- Supplied material

########

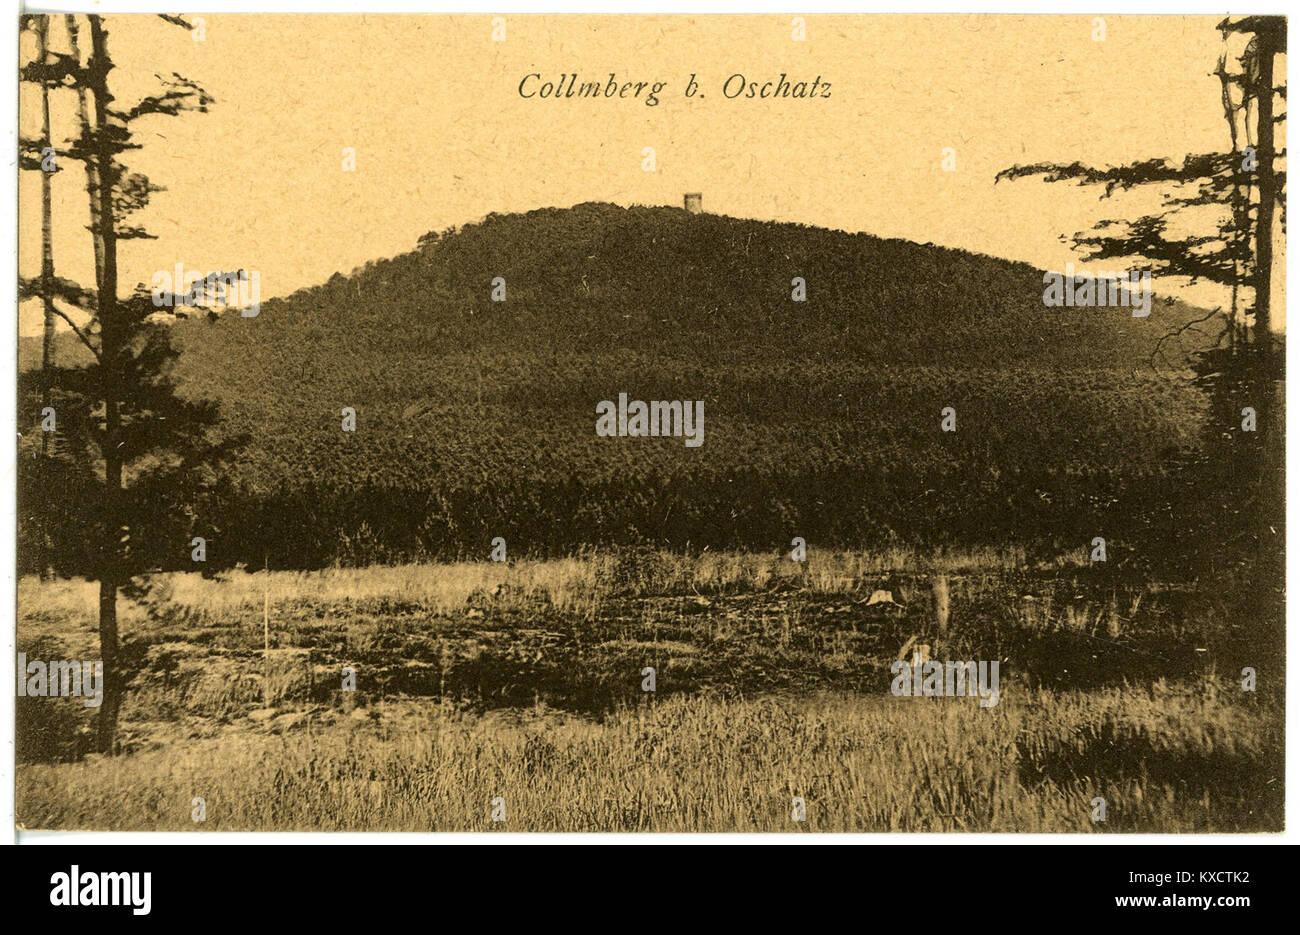 21681-Collm-1920-Collmberg-Brück & Sohn Kunstverlag Stock Photo
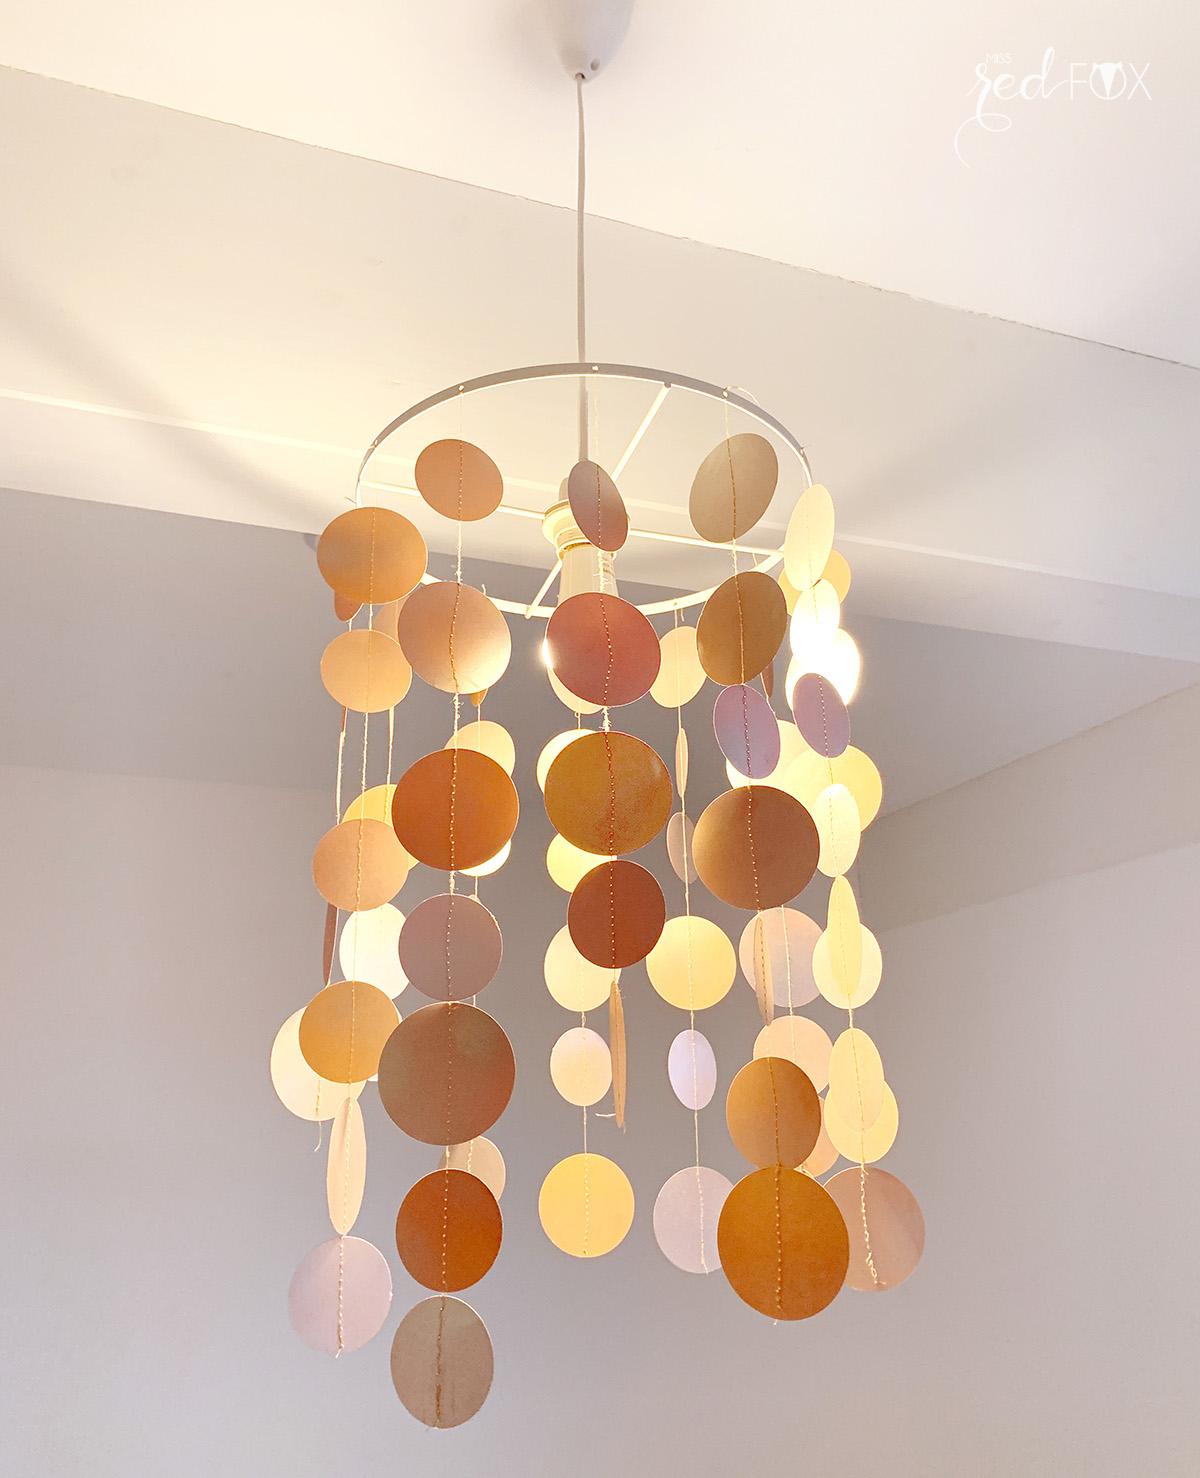 missredfox - Upcycling Kinderzimmer Lampe - 05
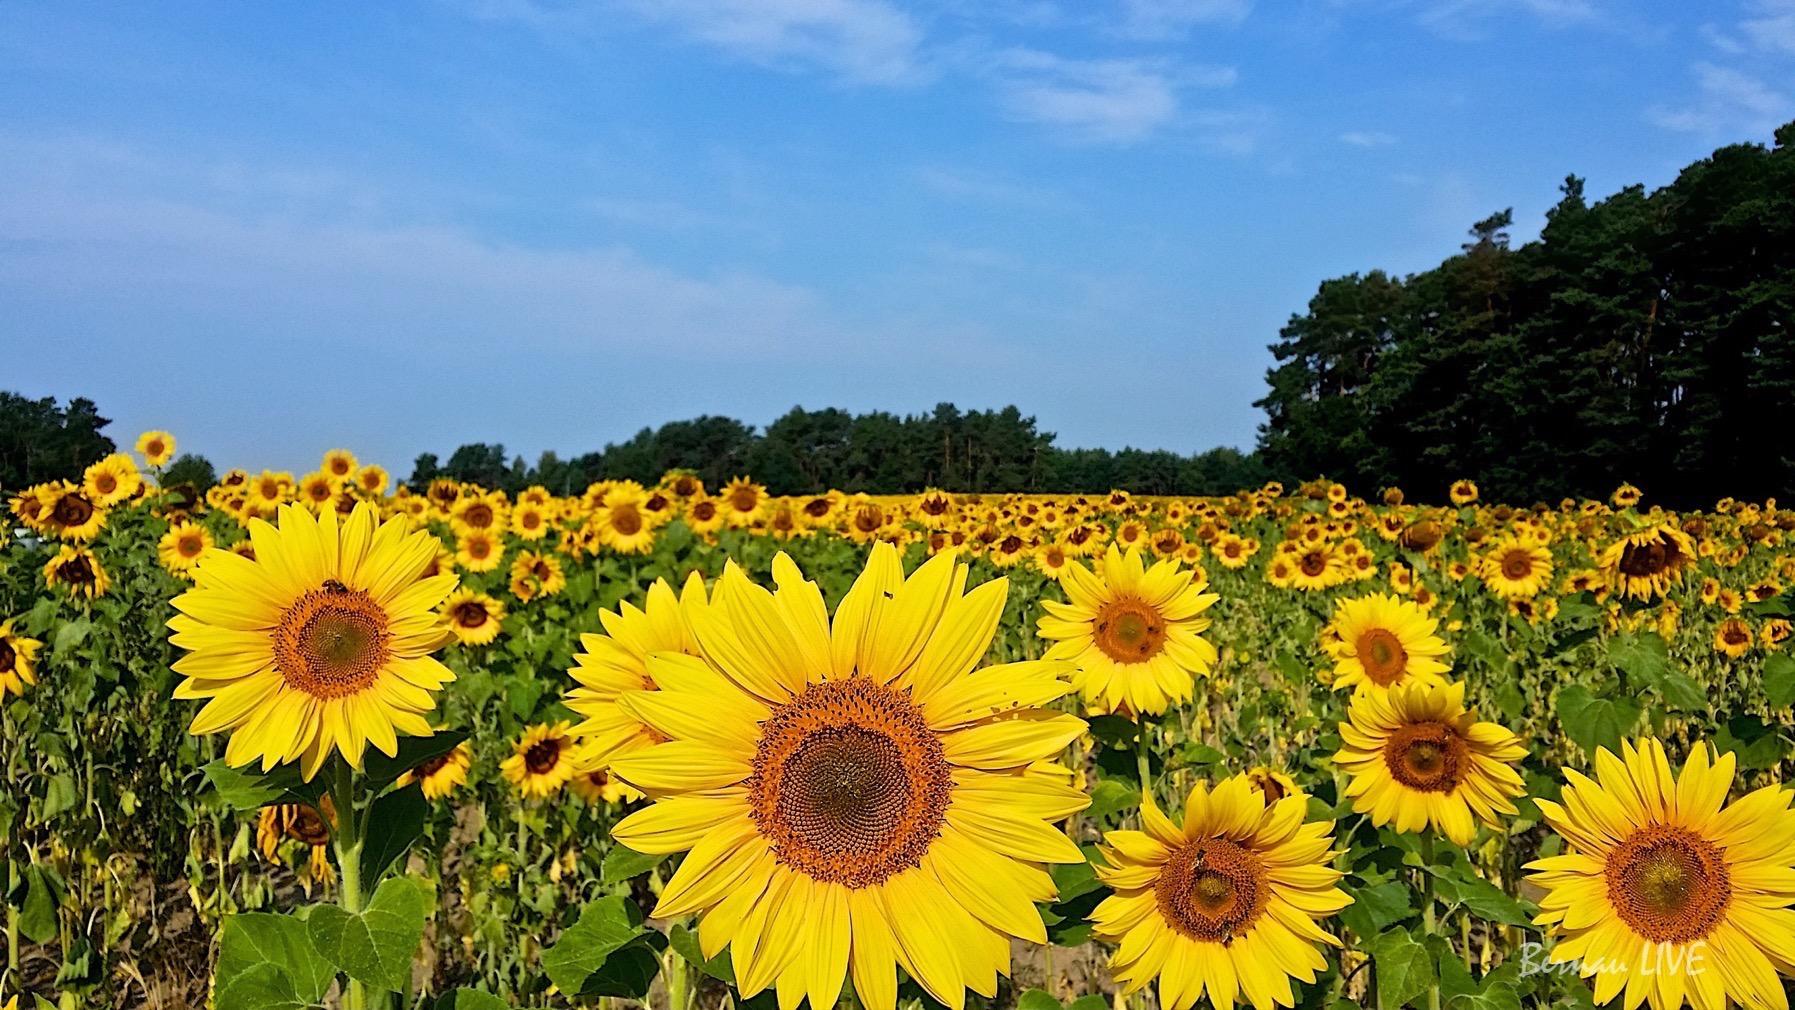 Bernau-Barnim, veranstaltungstipps, Wochenende, Sonnenblumen, Sommer, Barnim, Bernau, Bernau LIVE

########

- What you are asked to do
Apart from the images, reproduce the listing exactly as it appears.

- Task output
 21681-Collm-1920-Collmberg-Brück & Sohn Kunstverlag Stock Photo
 missredfox - Upcycling Kinderzimmer Lampe - 05
 Bernau-Barnim, veranstaltungstipps, Wochenende, Sonnenblumen, Sommer, Barnim, Bernau, Bernau LIVE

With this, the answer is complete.